What’s unclear? Increased CD4 doesn’t produce better prognoses. HIV/AIDS theory is wrong. But of course that’s unthinkable:
“James D. Neaton, . . . principal investigator of the global clinical trials network that conducted ESPRIT, offers two possible explanations. ‘It could be that the types of CD4+ T cells induced by IL-2 play no role in protecting the HIV-infected patient, and therefore the administration of IL-2 has no benefit,’ says Dr. Neaton. ‘A second possibility is that the CD4+ T cells are at least somewhat functional or that IL-2 has some modest benefit, but that the side effects of IL-2 may neutralize any possible benefit.’
‘. . .although a person’s number of CD4+ T cells is a key measure of success in the treatment of HIV with antiretroviral drugs, we can’t rely on CD4+ T cell counts to predict whether immune-based therapies such as IL-2 will improve the health of HIV-infected individuals,’ concludes Dr. Levy, the principal investigator of SILCAAT.”
If CD4 counts don’t predict what “immune-based” therapies can do . . .
BUT these CD4s are the immune-system cells that have been accepted for a quarter century as the critical ones in HIV/AIDS, the ones that are supposedly killed off by “HIV” — so isn’t EVERY therapy that seeks to increase CD4 an “immune-based” therapy?
If the problem is with the particular TYPE of CD4 cells, these results would be just as damaging to HIV/AIDS theory and practice, since it would mean that faulty or meaningless measures have been used for more than two decades to make life-or-death decisions as to antiretroviral treatment.

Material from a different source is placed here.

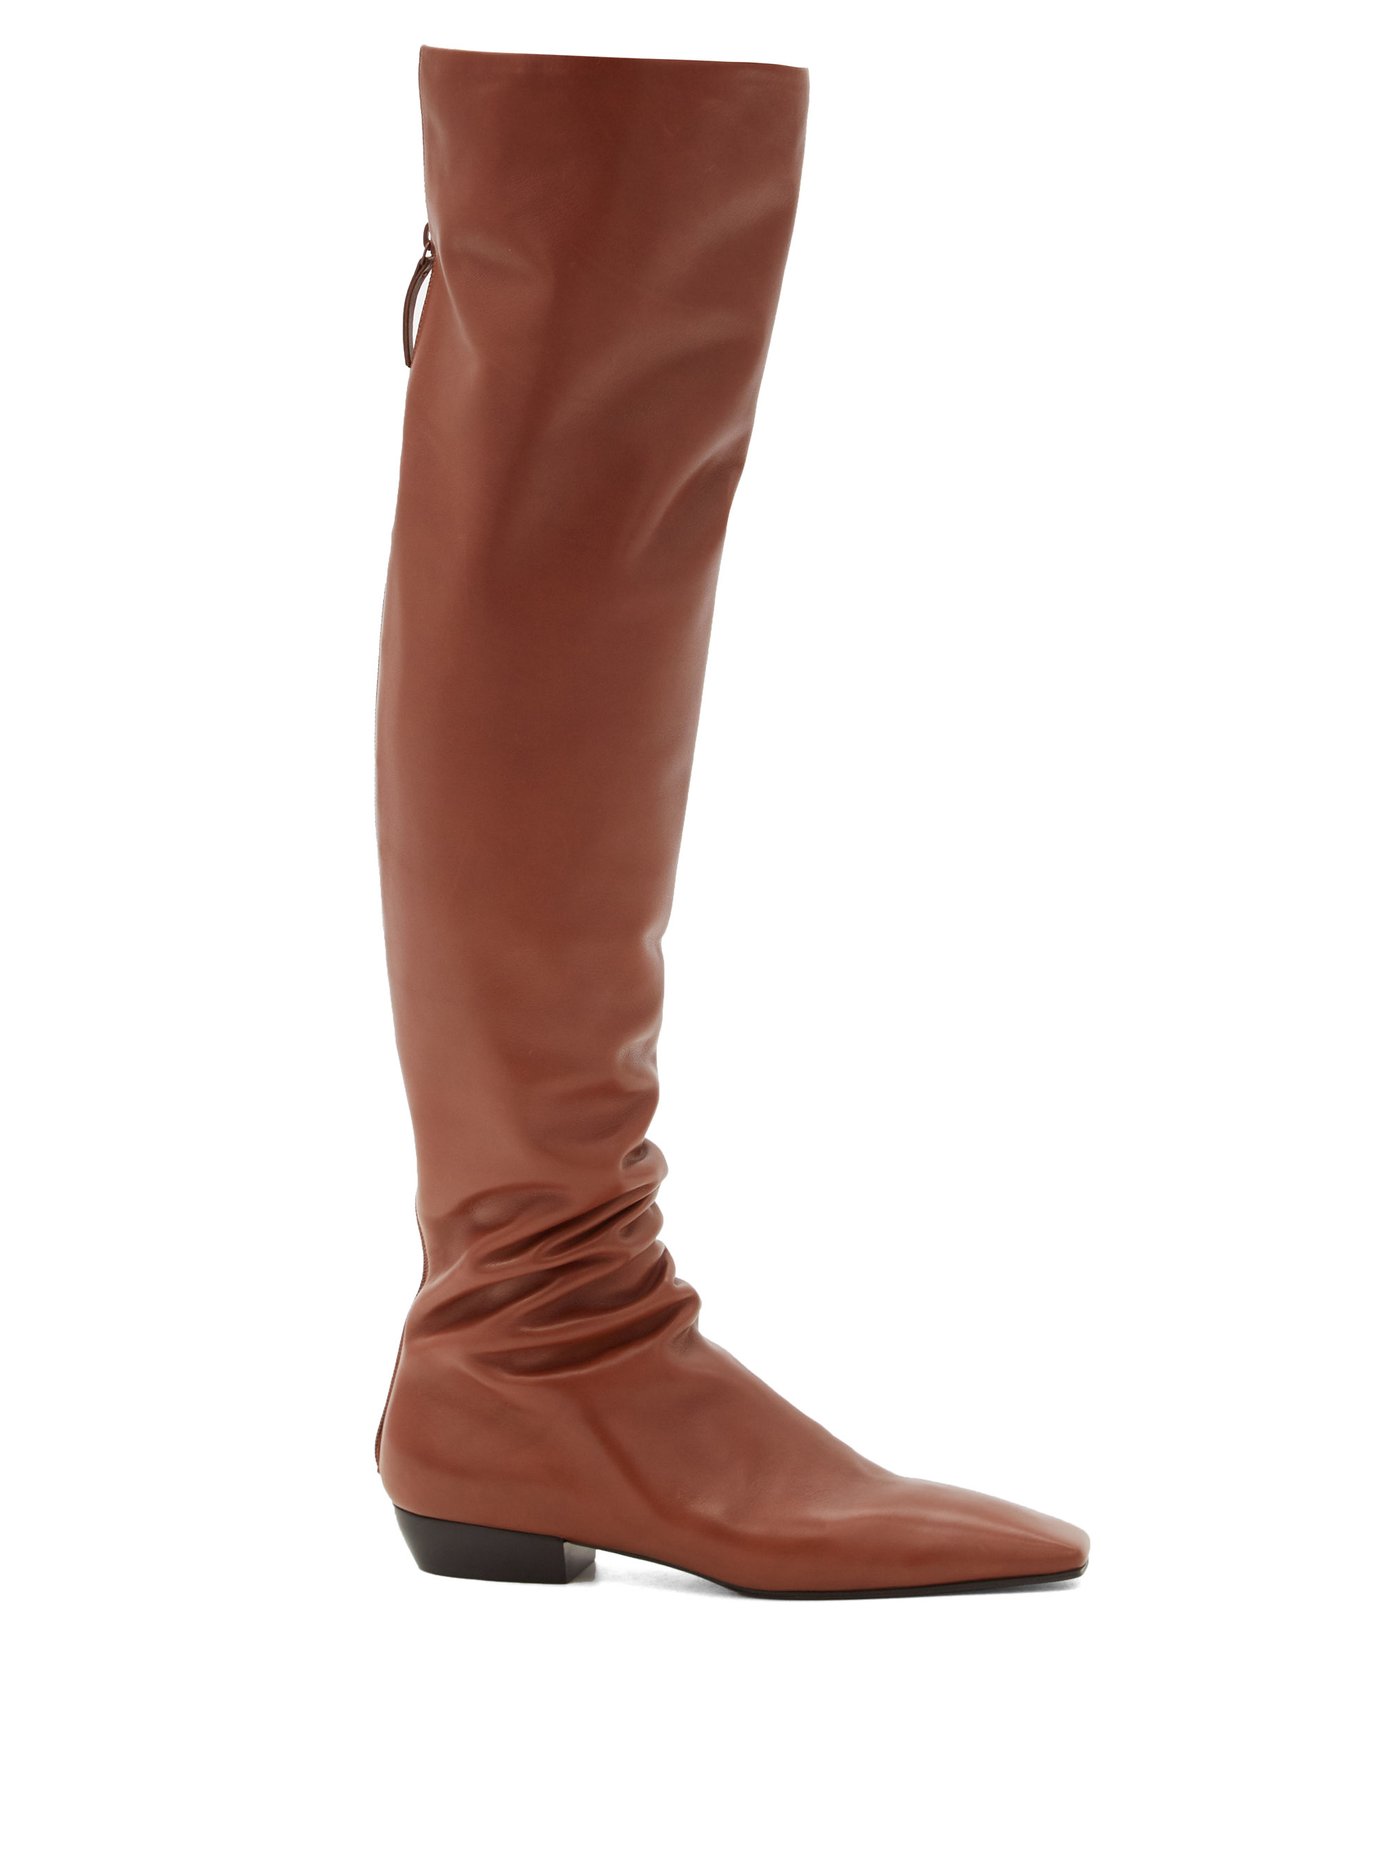 over the knee leather boots uk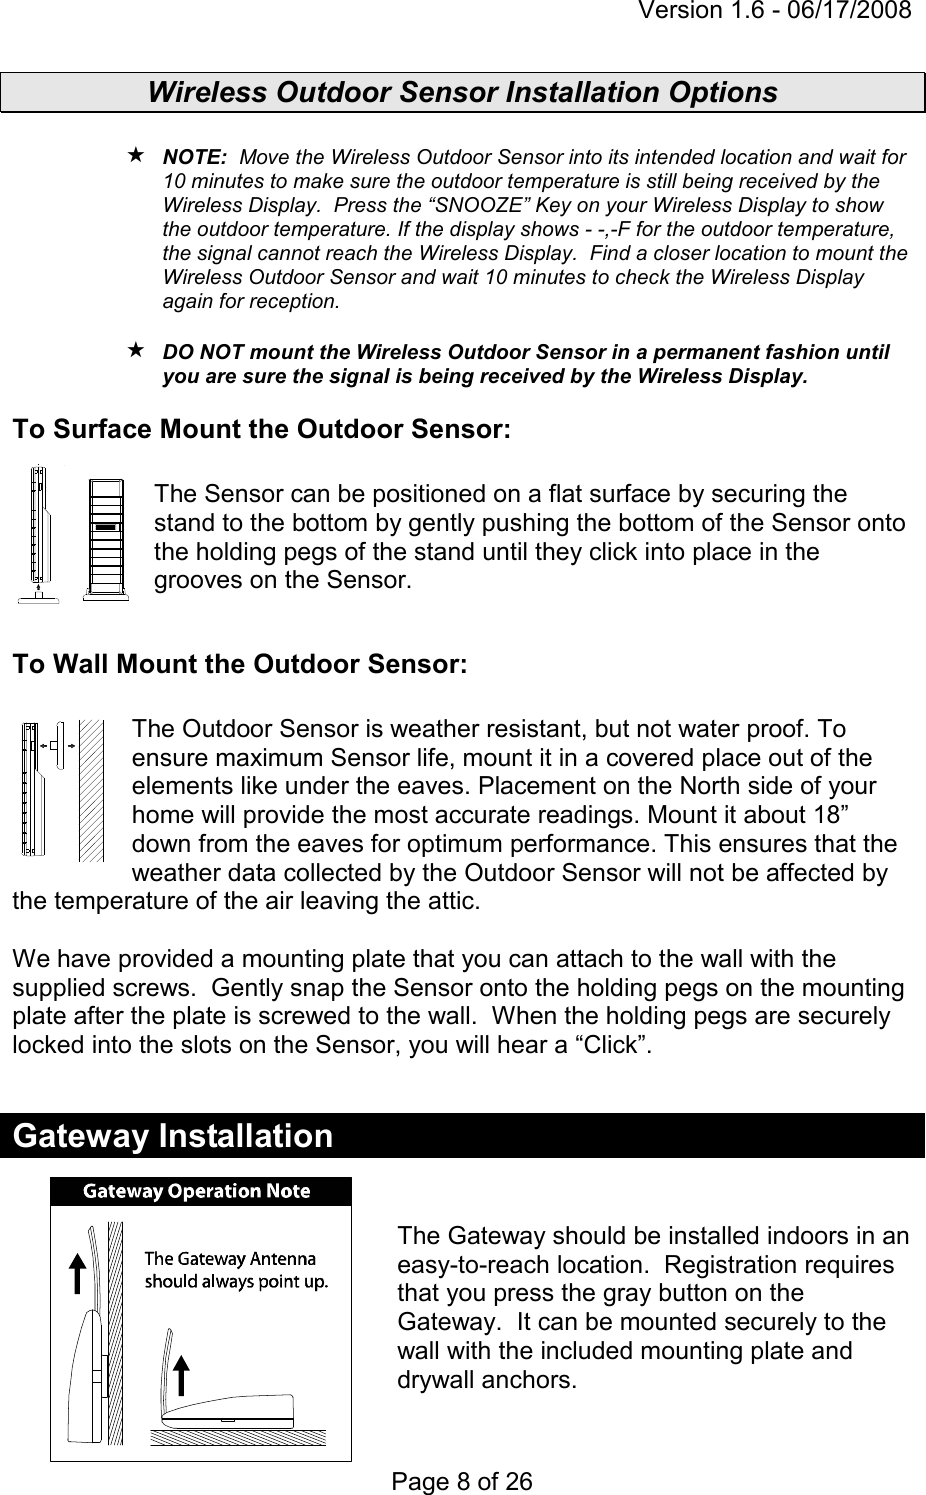 Version 1.6 - 06/17/2008 Page 8 of 26 Wireless Outdoor Sensor Installation Options   NOTE:  Move the Wireless Outdoor Sensor into its intended location and wait for 10 minutes to make sure the outdoor temperature is still being received by the Wireless Display.  Press the “SNOOZE” Key on your Wireless Display to show the outdoor temperature. If the display shows - -,-F for the outdoor temperature, the signal cannot reach the Wireless Display.  Find a closer location to mount the Wireless Outdoor Sensor and wait 10 minutes to check the Wireless Display again for reception.    DO NOT mount the Wireless Outdoor Sensor in a permanent fashion until you are sure the signal is being received by the Wireless Display. To Surface Mount the Outdoor Sensor:  The Sensor can be positioned on a flat surface by securing the stand to the bottom by gently pushing the bottom of the Sensor onto the holding pegs of the stand until they click into place in the grooves on the Sensor.  To Wall Mount the Outdoor Sensor:  The Outdoor Sensor is weather resistant, but not water proof. To ensure maximum Sensor life, mount it in a covered place out of the elements like under the eaves. Placement on the North side of your home will provide the most accurate readings. Mount it about 18” down from the eaves for optimum performance. This ensures that the weather data collected by the Outdoor Sensor will not be affected by the temperature of the air leaving the attic.  We have provided a mounting plate that you can attach to the wall with the supplied screws.  Gently snap the Sensor onto the holding pegs on the mounting plate after the plate is screwed to the wall.  When the holding pegs are securely locked into the slots on the Sensor, you will hear a “Click”.  Gateway Installation   The Gateway should be installed indoors in an easy-to-reach location.  Registration requires that you press the gray button on the Gateway.  It can be mounted securely to the wall with the included mounting plate and drywall anchors.

Still, the important thing to note is that these trials, though they failed, were actually successful:
“’The purpose of clinical research is to clearly state and accurately test hypotheses with an ultimate goal of improving patient care,’ notes H. Clifford Lane, M.D., director of clinical research at NIAID and a member of the executive committee of ESPRIT. ‘These two clinical trials successfully reached a definitive answer about the utility of IL-2 therapy for treating HIV infection. NIAID thanks the thousands of dedicated volunteers and investigators who made these studies possible. The results will have significant implications for the future development of immune-based therapies for HIV and studies of HIV pathogenesis.’”
But perhaps this was just official spin for public consumption, for at least one other similar trial was abandoned:
“NIAID has discontinued the use of IL-2 in a separate, 20-country clinical trial known as STALWART (which stands for ‘Study of Aldesleukin with and Without Antiretroviral Therapy’).”
I don’t know about SILCAAT, but I do like those acronyms ESPRIT and STALWART. Perhaps NIAID wordsmiths get their inspiration from the Pentagon.